═══ DATA EXTRACT

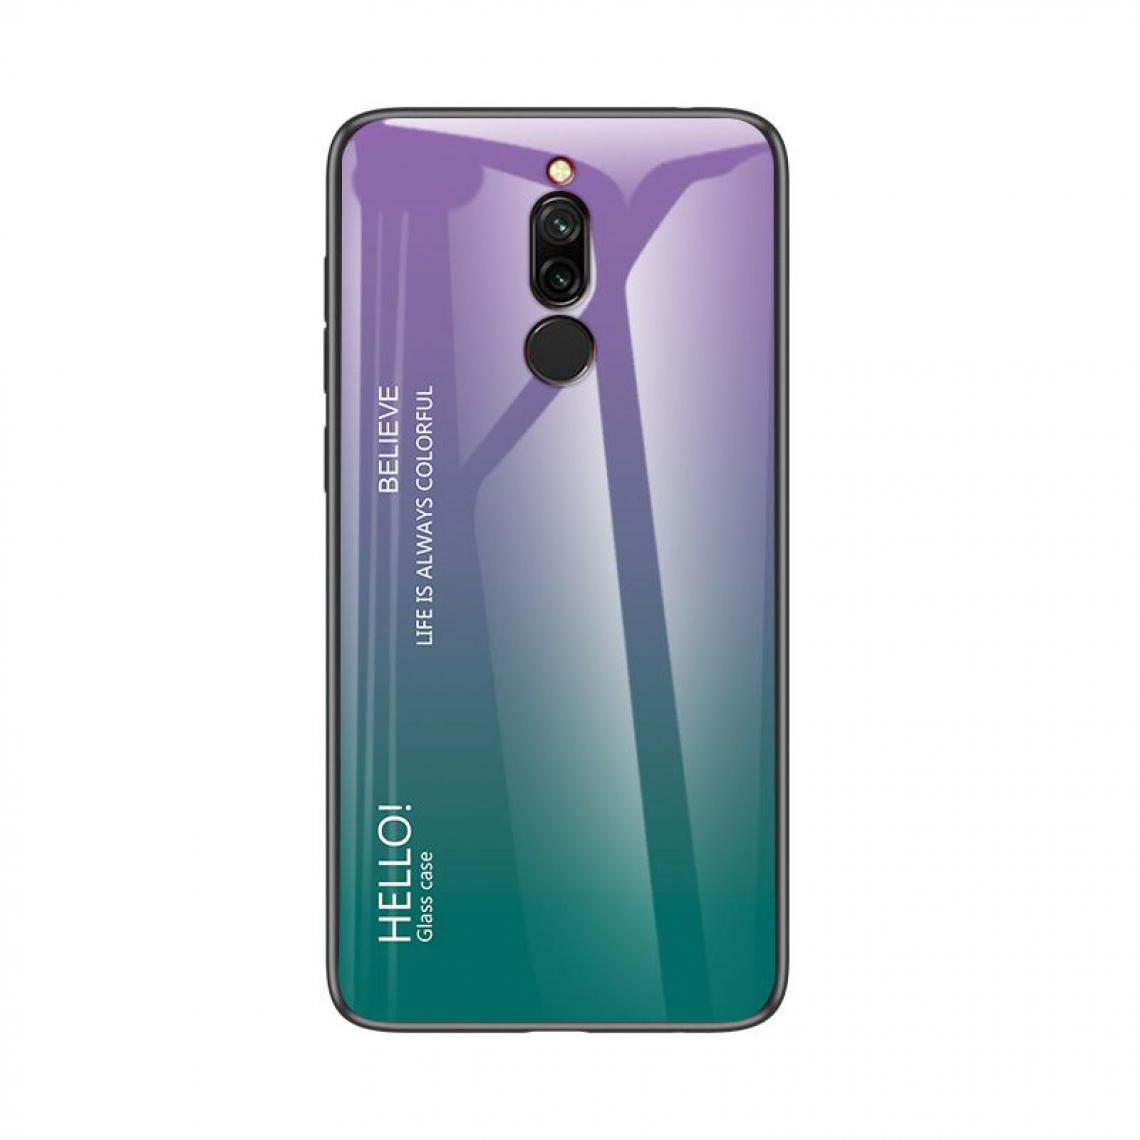 OtterBox - Housse Etui Coque de protection pour Xiaomi Redmi 8 Arriere Rigide dégradé [Violet] - Coque, étui smartphone
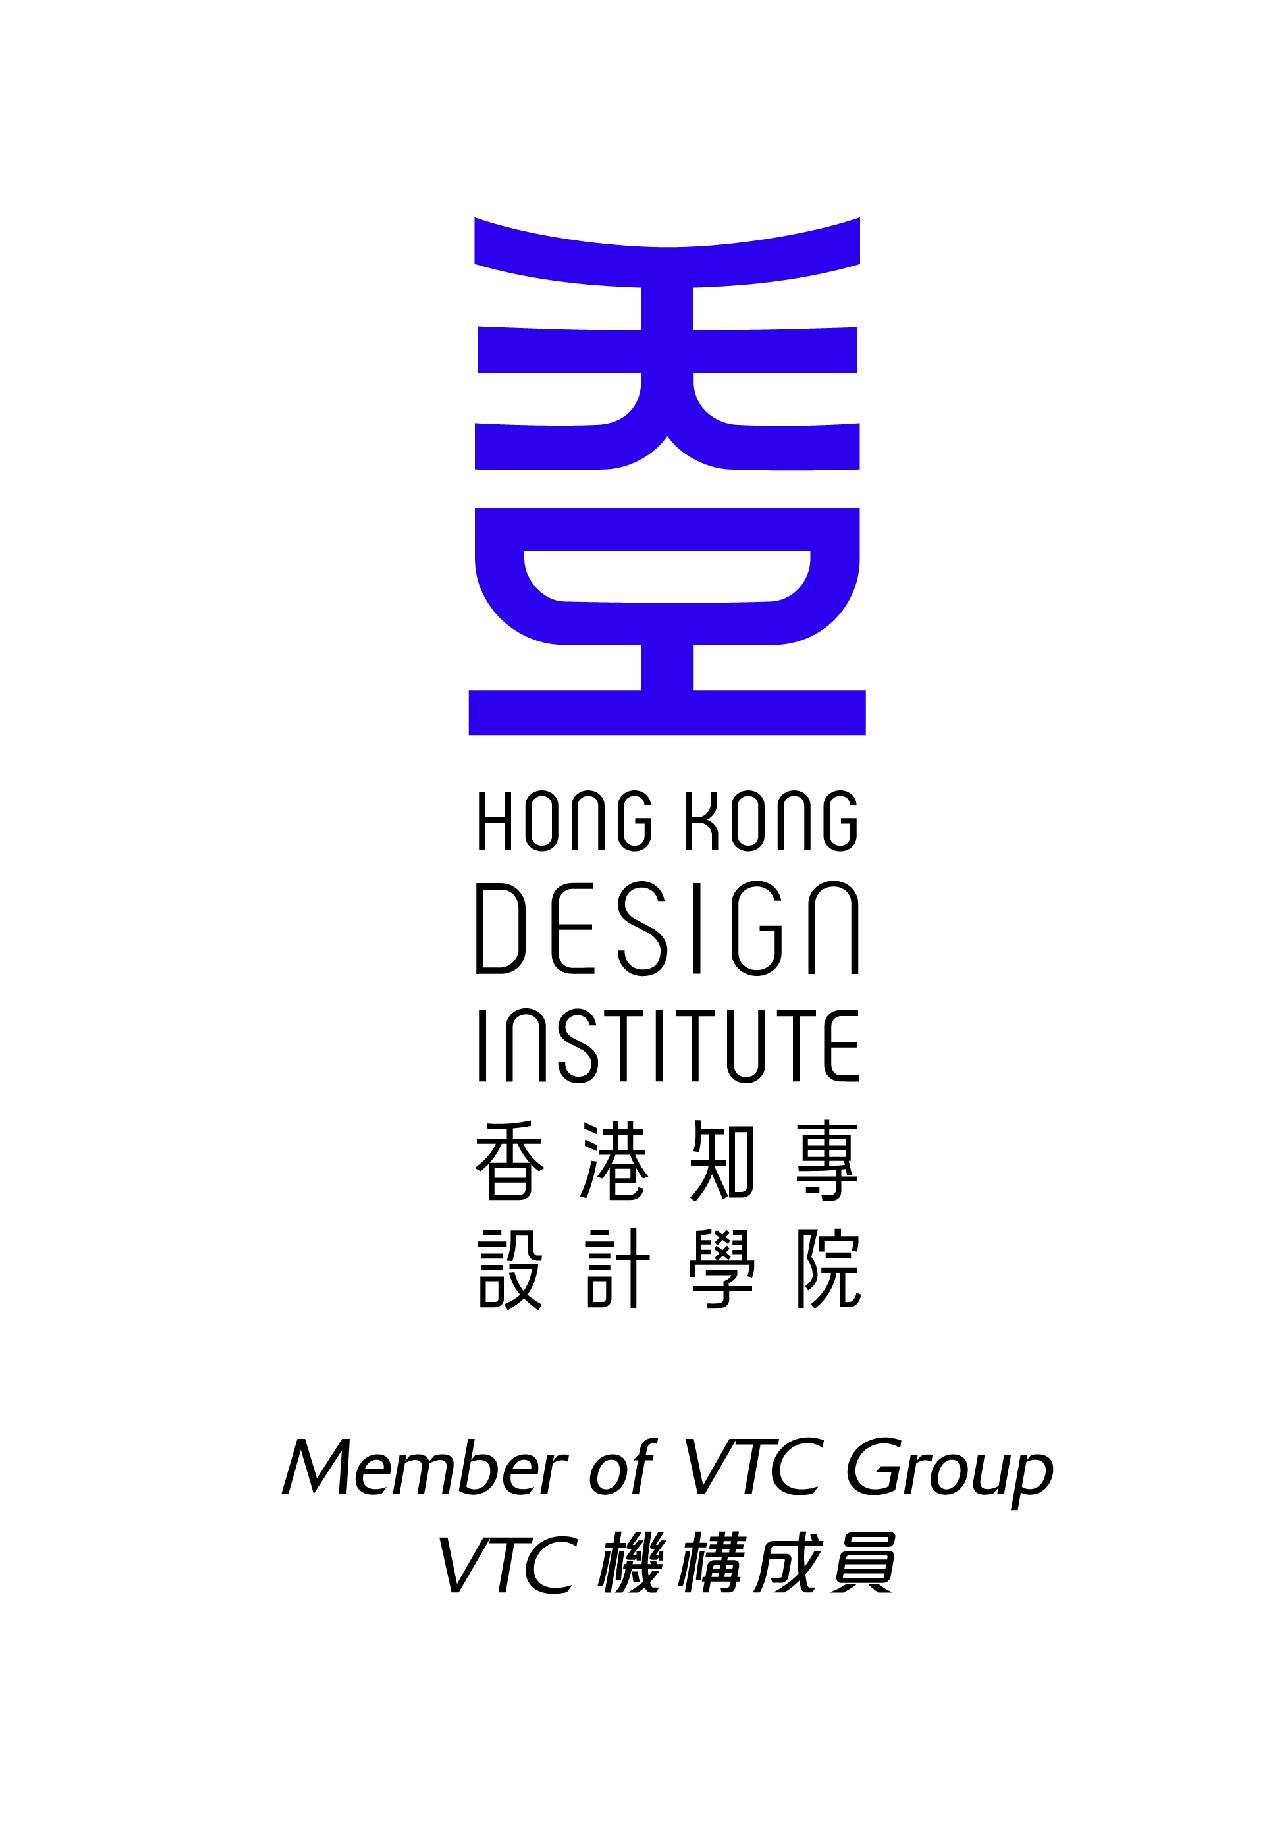 Hong Kong Design Institute (HKDI)
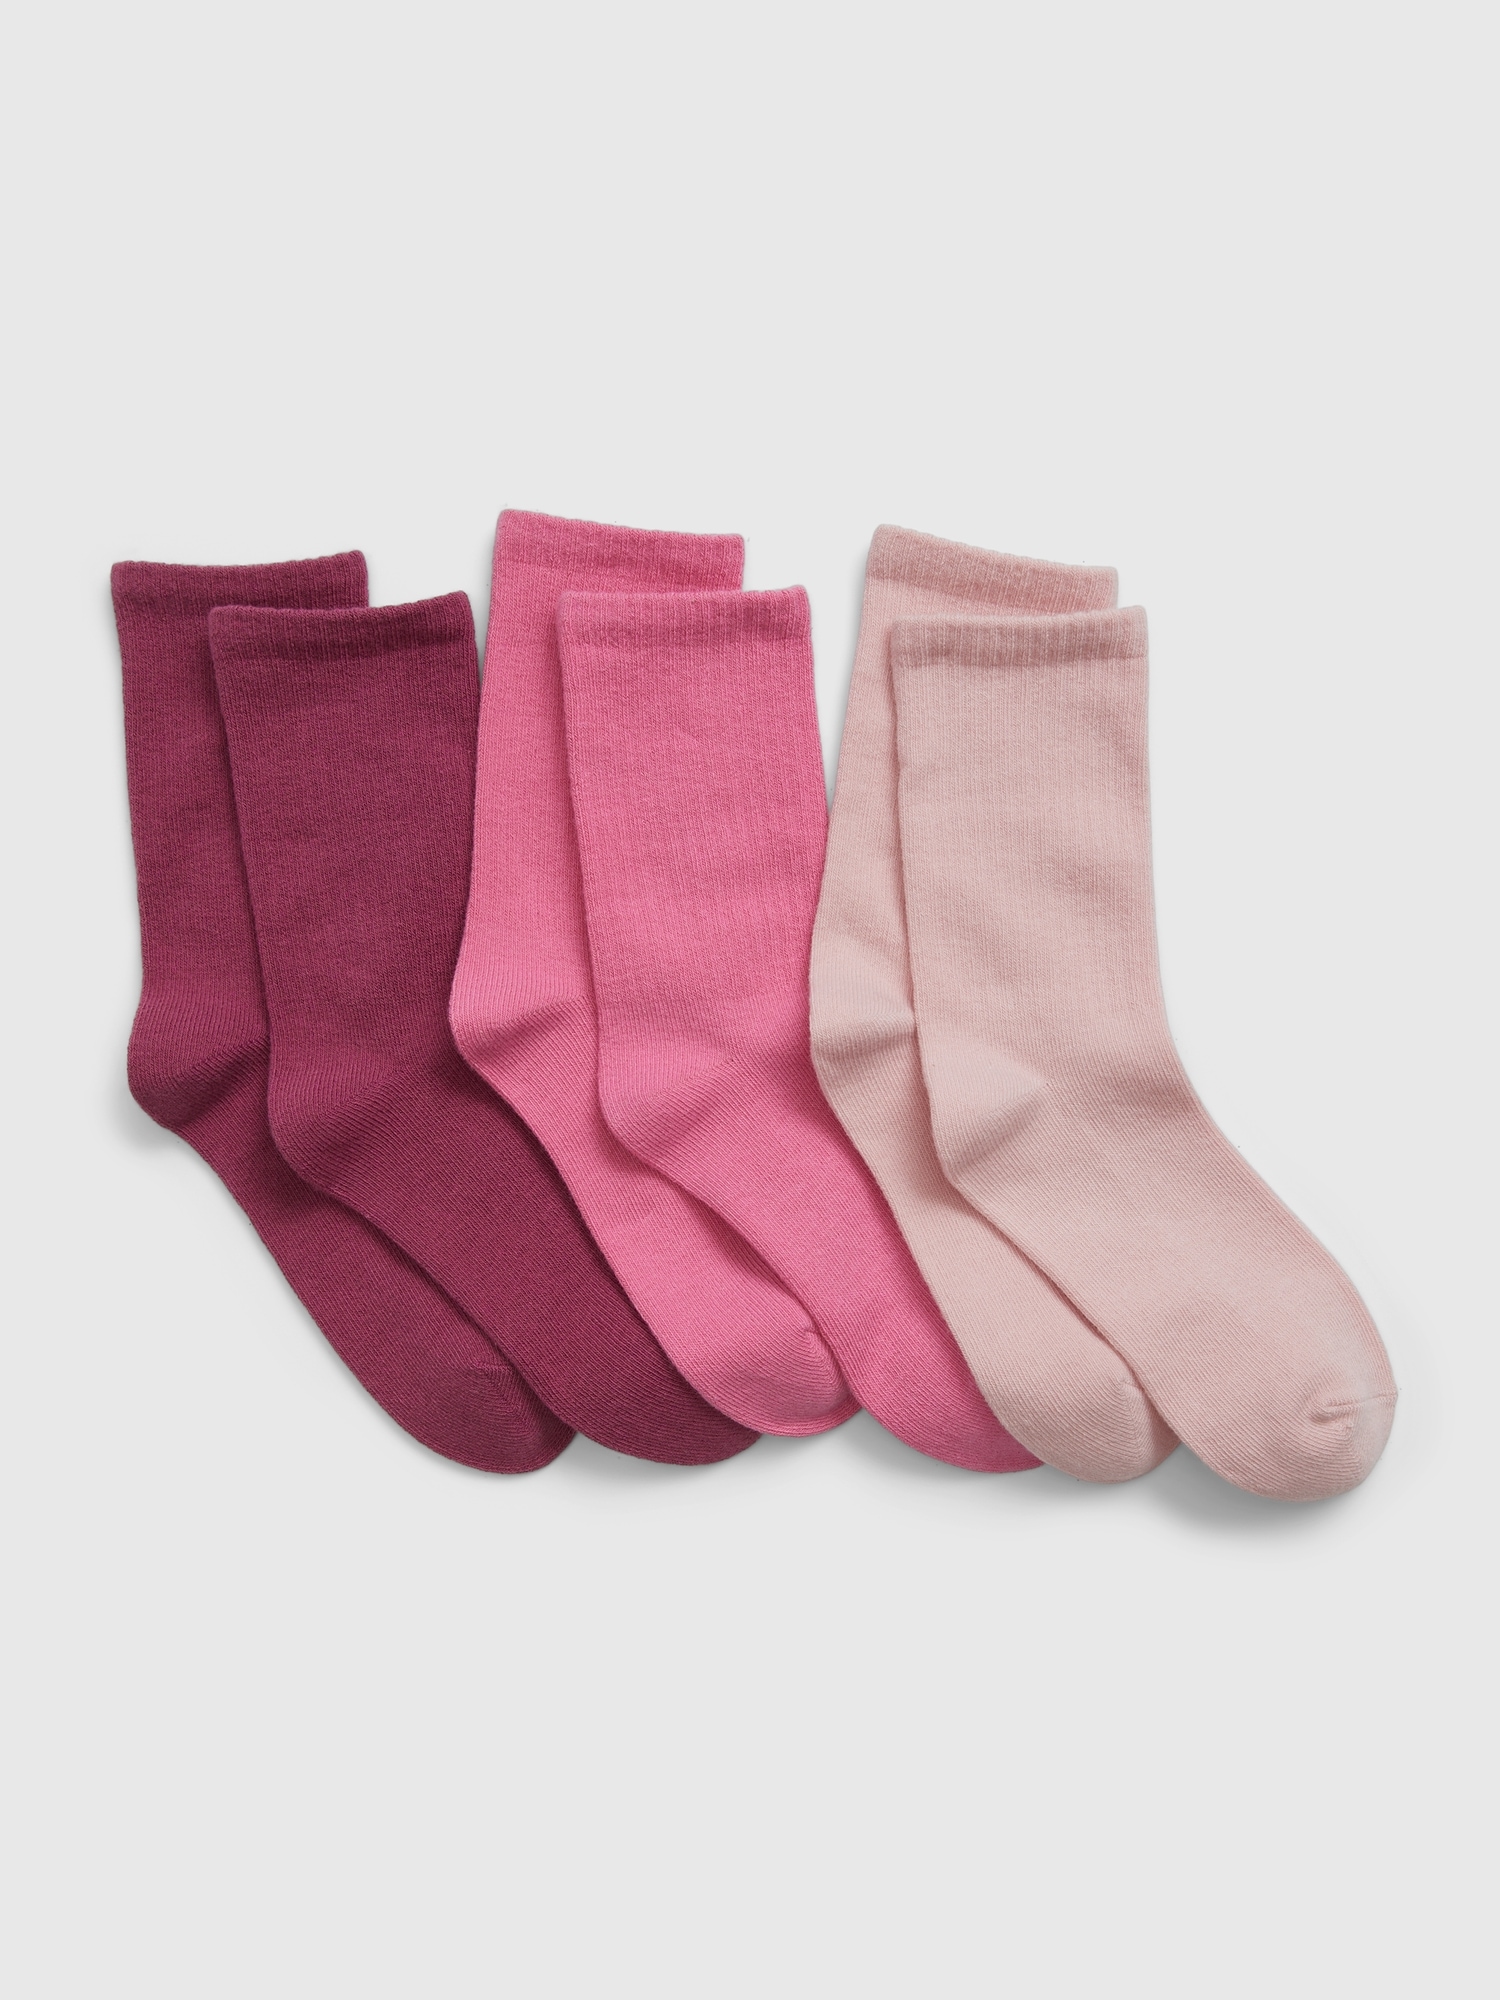 100% Cotton Socks For Kids | Gap
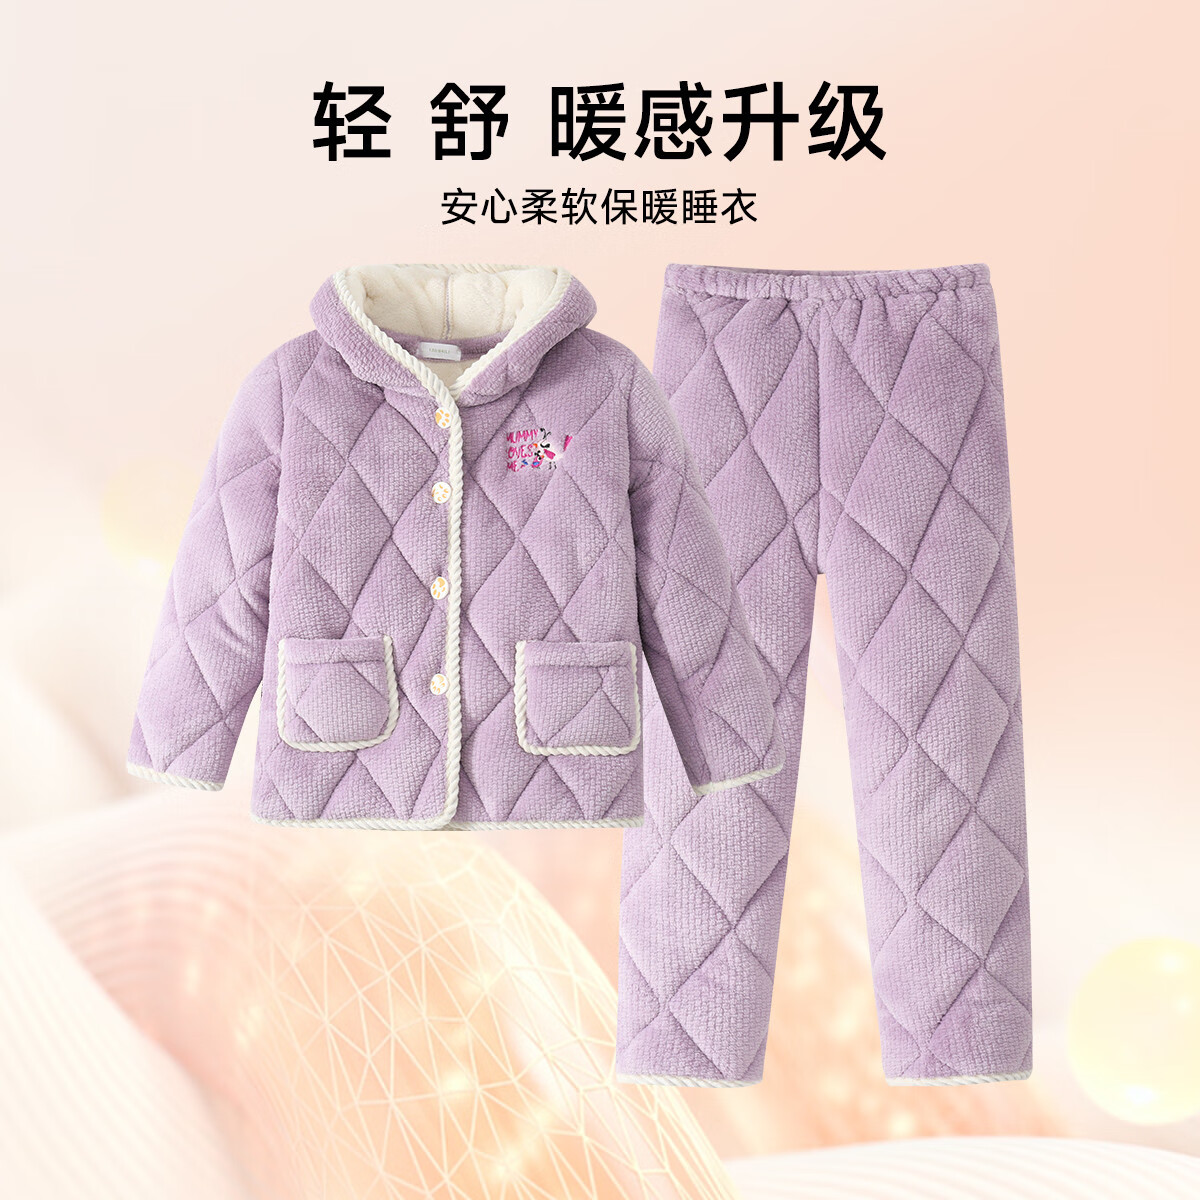 GOSO「三层夹棉加厚」儿童睡衣家居服套装 紫色 XL物有所值吗？评测报告来了！

══════

EXERCISE :: Word for word, please, restate the lines of the listing from the one holding "Hong Kong Design Institute (HKDI)" down to the last line, leaving out any pictures.

WRITTEN SOLUTION ::
 Hong Kong Design Institute (HKDI)
 100% Cotton Socks For Kids | Gap
 GOSO「三层夹棉加厚」儿童睡衣家居服套装 紫色 XL物有所值吗？评测报告来了！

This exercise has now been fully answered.